President Trump is being criticized for hoping the great quarantine can end by Easter. People are saying lives are more important than money. It is true that lives are more important than money. But this criticism shows a lack of understanding about economics. The question of when to end the quarantine is really a question of lives versus lives; what kind of a risk of death and suffering we would rather face.
The United States has been blessed with a high standard of living and a low death rate compared to most nations in the world. We have so much wealth that even the poor in the USA are better off than the middle class of many other nations. This wealth is not an accident. It is here because Americans are more productive. We use our God given minds, time, and resources to produce more goods and services per person than most other countries in the history of the mankind. More goods and services don’t just mean a more comfortable life: they mean no one needs to starve to death in the USA; they mean more healthy and nourishing food is available; they mean medical services unavailable in much of the world are available to even the poor in America; they mean we can travel to get medical help; they mean we can travel to help others in need; they mean we can access emergency first aid services; they mean we have more access to friendship, relatives, neighbors, and opportunities to exchange the love and social interaction humans need to thrive. All these blessings mean people who would otherwise die earlier will live longer. And the longer the quarantine continues, the less of them we will have.
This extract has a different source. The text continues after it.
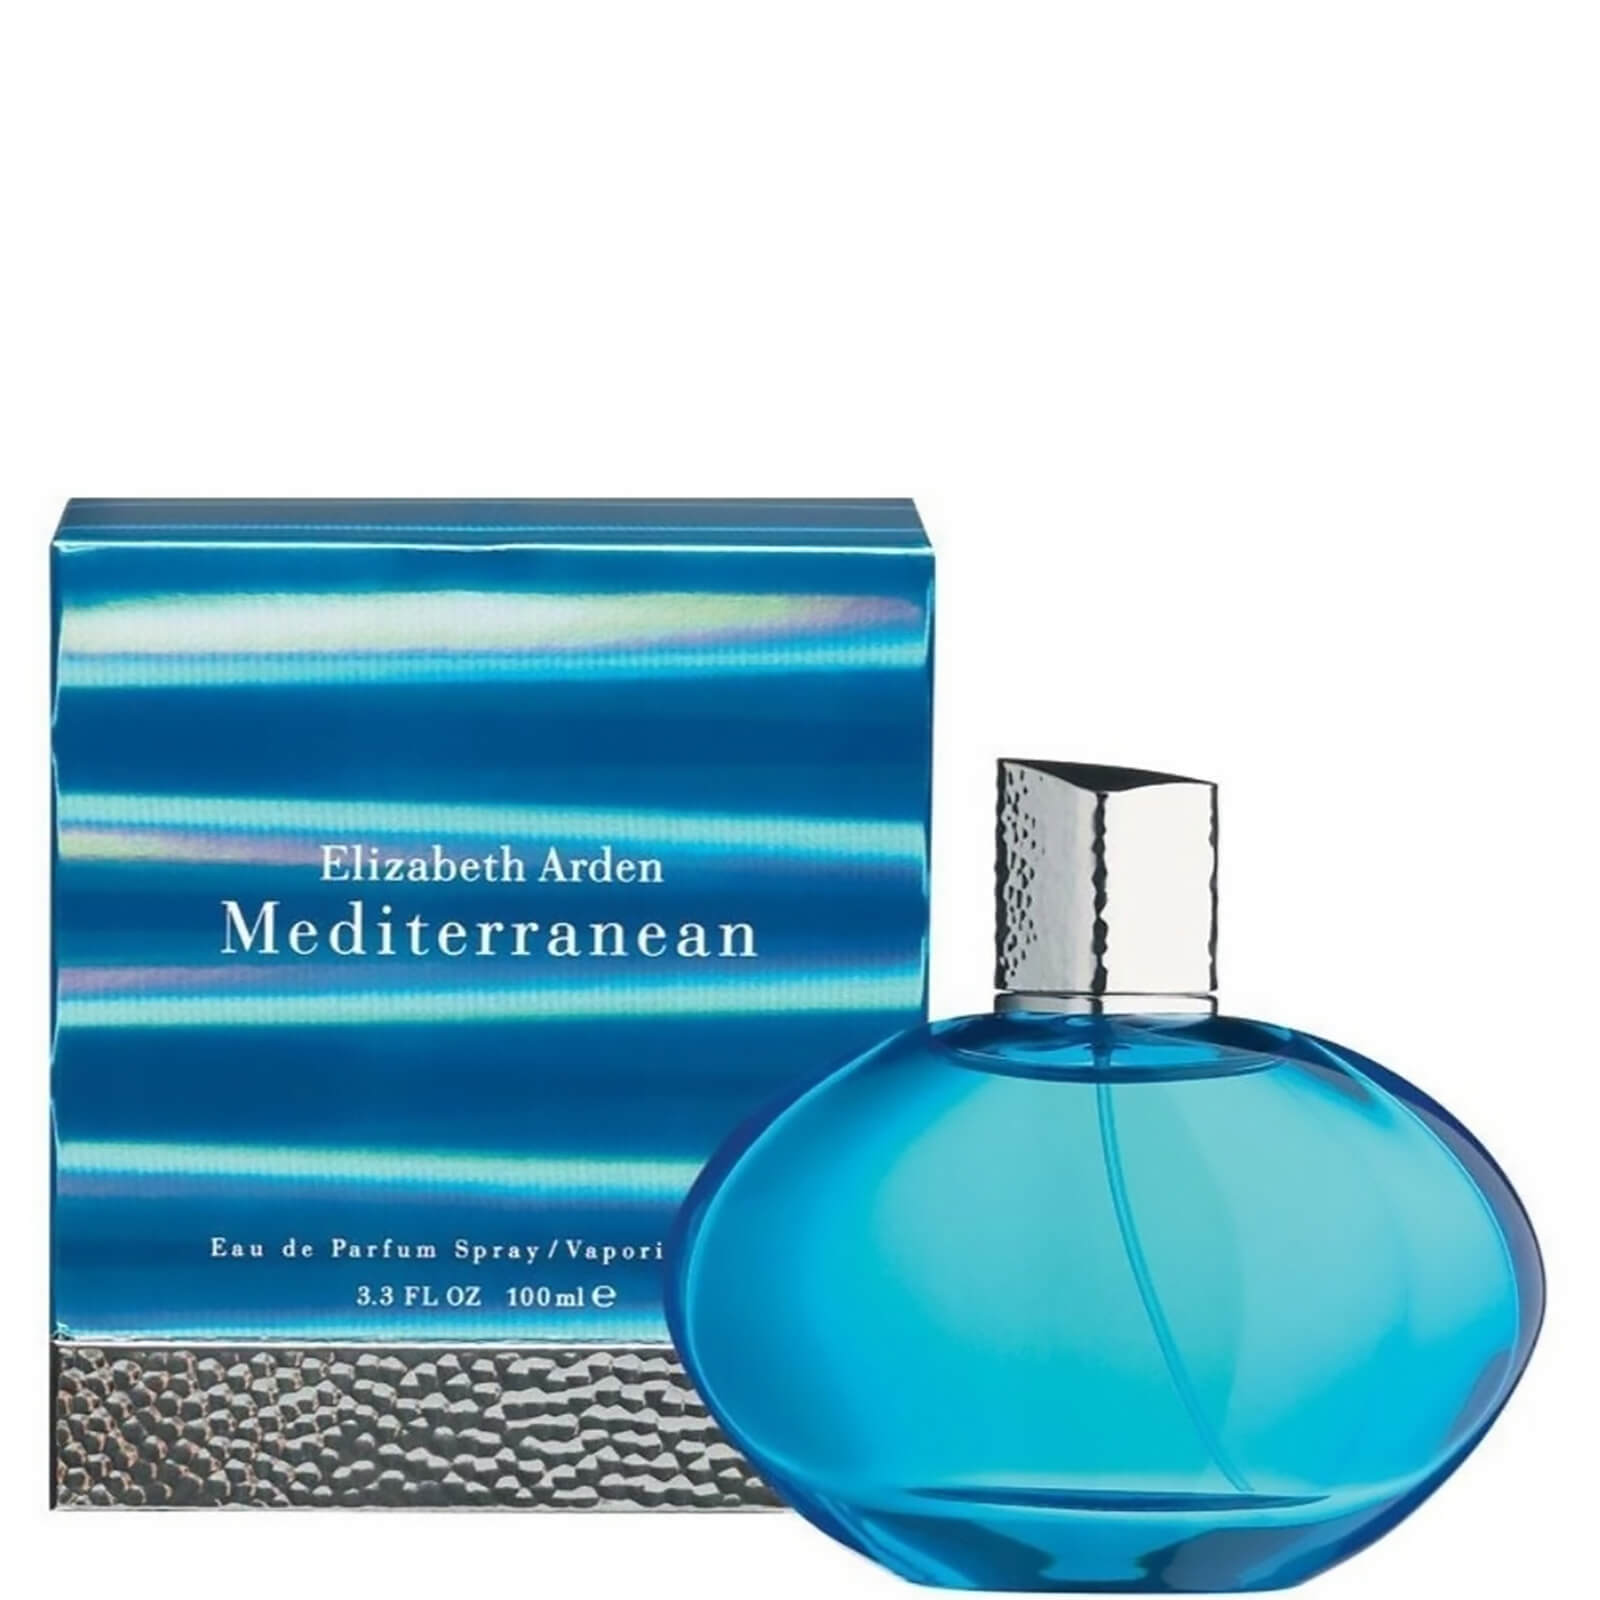 Agua de perfume Mediterranean de Elizabeth Arden (100 ml)

Fewer resources do not just mean a lower standard of living. In practice they mean more people die sooner. Lonely people lose their will to live or have no one to be sure they are taking their medication. People in remote areas die because they cannot get to medical care in the city soon enough. The quality of diets decline, and more people die of ailments sooner because they lack proper nutrition. Less sanitation is available, and more contamination occurs. With less abundance, there is less charity available to the poor.
As resources diminish, socialists in America will claim the solution is more government control and rationing of every aspect of life. If they get their way, we will have even fewer goods and services. Central planning is inferior to the market in making allocating resources, so misallocations occur more often, resulting in shortages of desired goods and services and surpluses of what no one wants. Incentives to produce are reduced, sometimes savings and production are even penalized, so productivity declines. More government regulation means more obstacles to the efficient production of goods and serves and the free flow of people and material, so more declines in production occur. Socialists always try to overcome diminished resources and to punish the wealthy by inflating currency. This in turn makes the elderly (who live on savings) poorer. When people resist these results, powerful governments use force to suppress decent. In the end, socialism kills indirectly as well as directly.
At present, it may well be that the medical benefits of the quarantine outweigh the cost in human lives. But make no mistake, keeping the economy in lock down will have its own cost in human lives. At some point that cost will be greater than letting the virus run its natural course. In a fallen world it is never a question of if we will die, it is always a question of when and how.